We recently received two six-month old boys so I am following in your footsteps. I want them to have good play / climbing facilities but being a good DIY'er don't want to just buy something.

All I have done so far is wrap sisal rope tightly around a table leg and provide a floor toy with scratch material. I have fixed two old shelves, covered with carpet staggered up the wall above the sofa to get them started. Gus has already launched himself from the high shelf down to the sofa cushion - over 5' drop for a six month old "kitten" but fortunately a squashy cushion landing. Wow.

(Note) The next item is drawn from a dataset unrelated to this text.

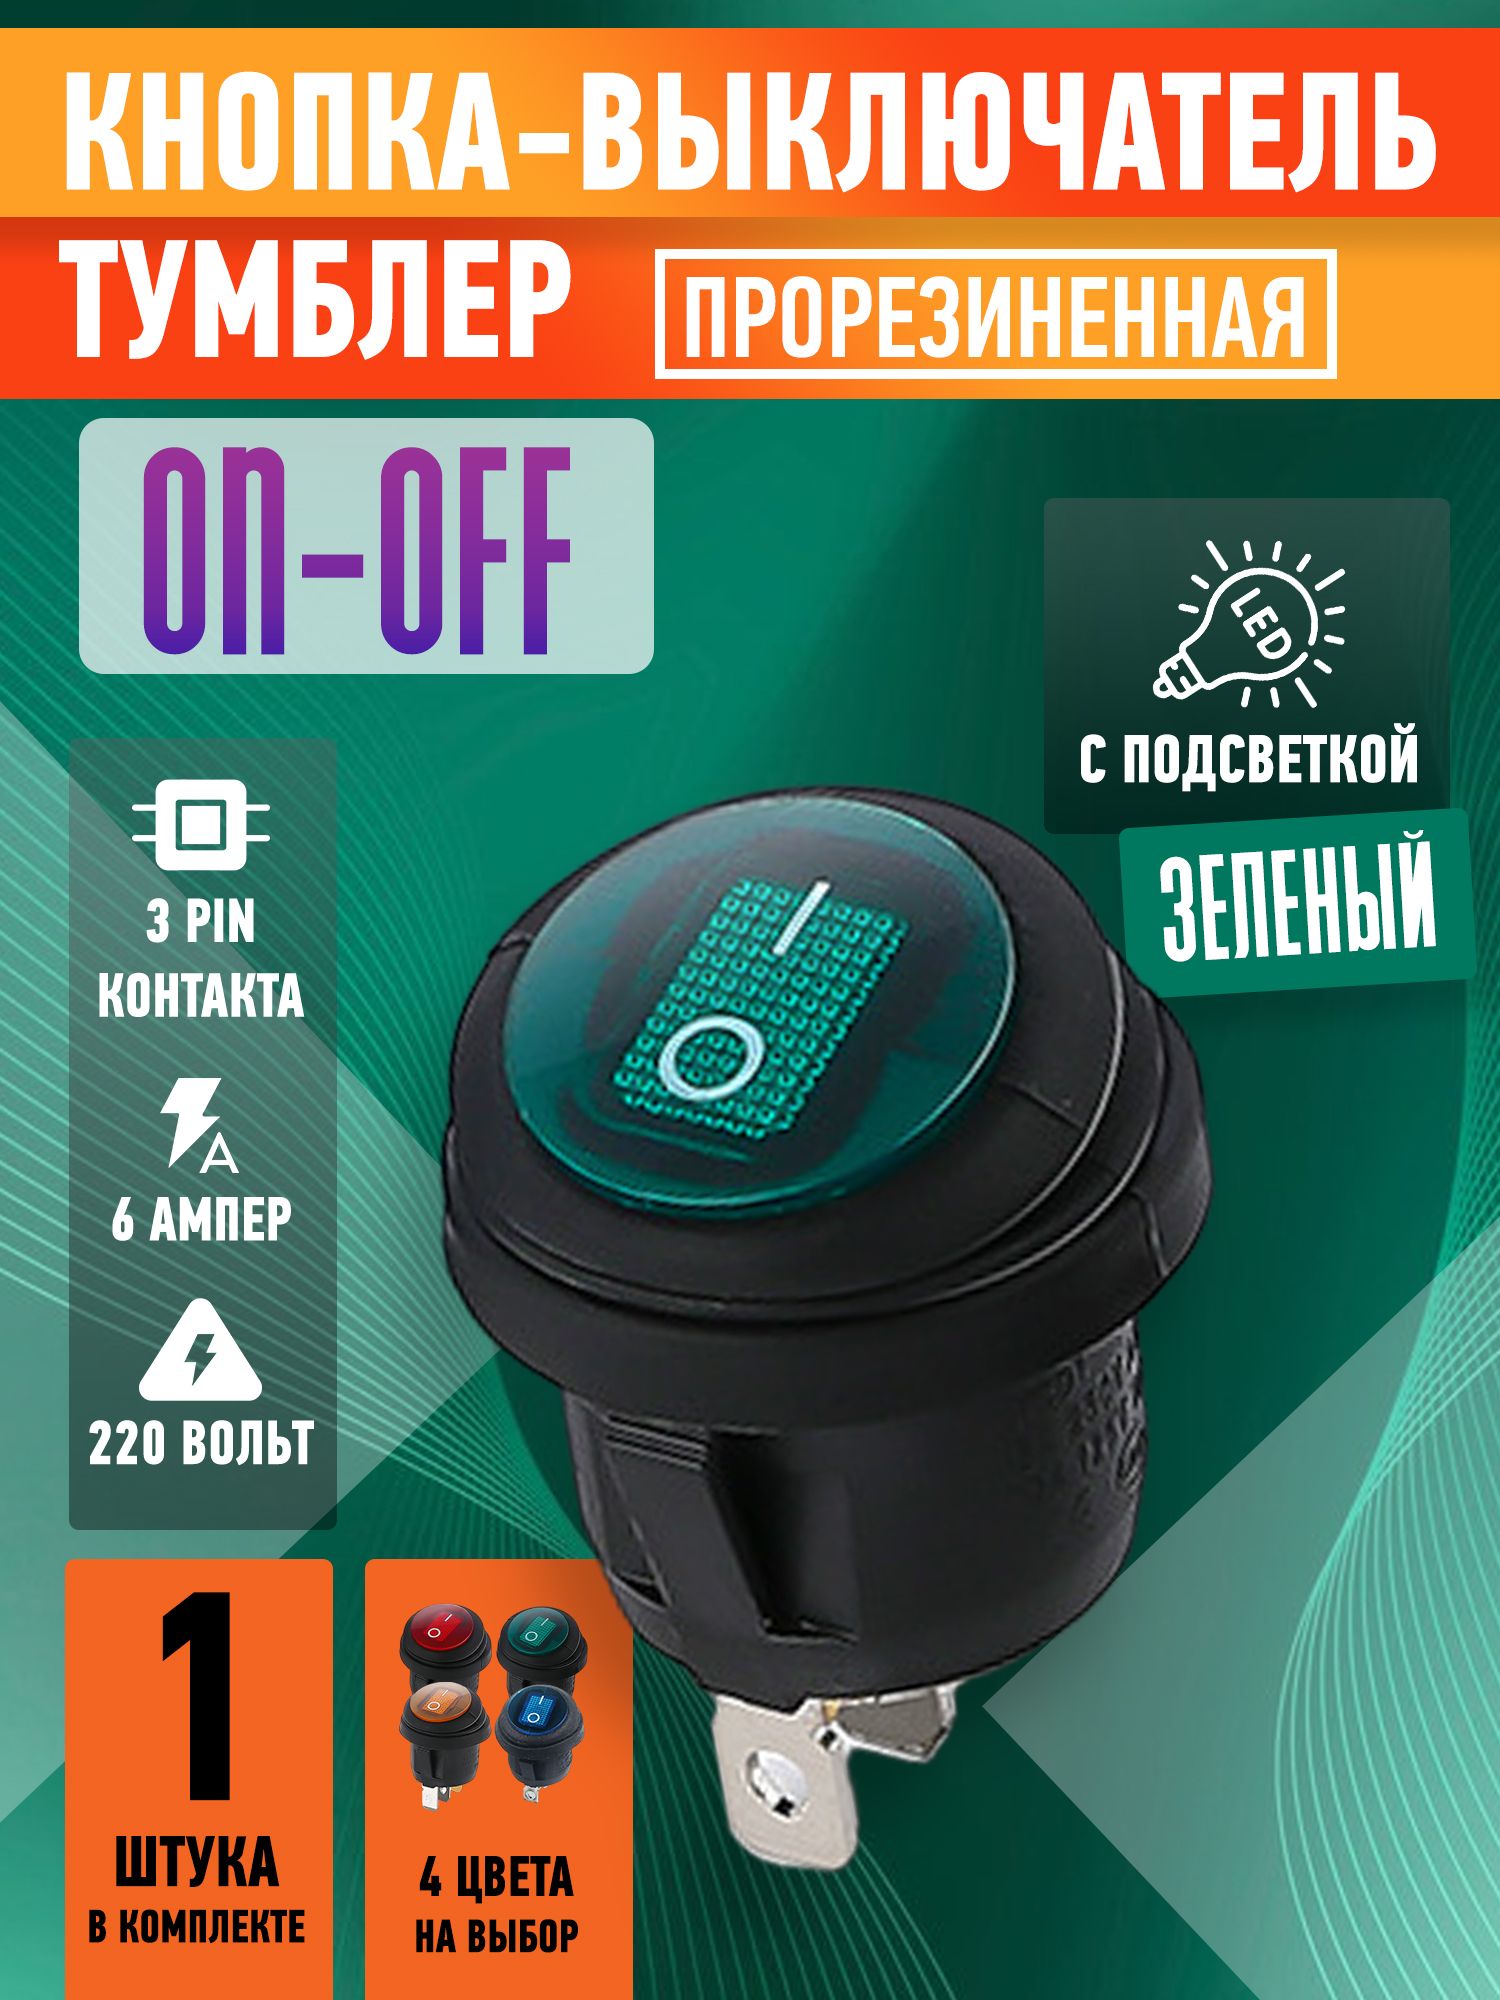 Кнопка-выключательКРУГЛАЯзелёнаяпрорезиненнаясзащитойотвлагиON-OFF,3контакта,6А,230В

My inspiration comes from this chap on Instructables (http://www.instructables.com/member/Bengt+Englund). I will be wrapping a PVC drain pipe in 8mm sisal using base plates and captive bolts to clamp between floor and ceiling, therefore giving my boys a 8' high, 5" diameter floor to ceiling climbing pole / scratch post. This will be positioned say 1' away from the corner shelf (which I've yet to fix but will be the highest platform)

We like the simplicity of a full-height post for our reasonably large kitchen with modern smooth cabinets. This type of design means I can re-position it too. Adjacent to this we can have some stylish shelves / baskets / ledges for them to enjoy. Google images has provided vast inspiration (for example there are suppliers of radius curved plywood - I think I can turn a gently curved piece of ply into a cool looking cat shelf for a fraction of the price of those designer ones I've seen)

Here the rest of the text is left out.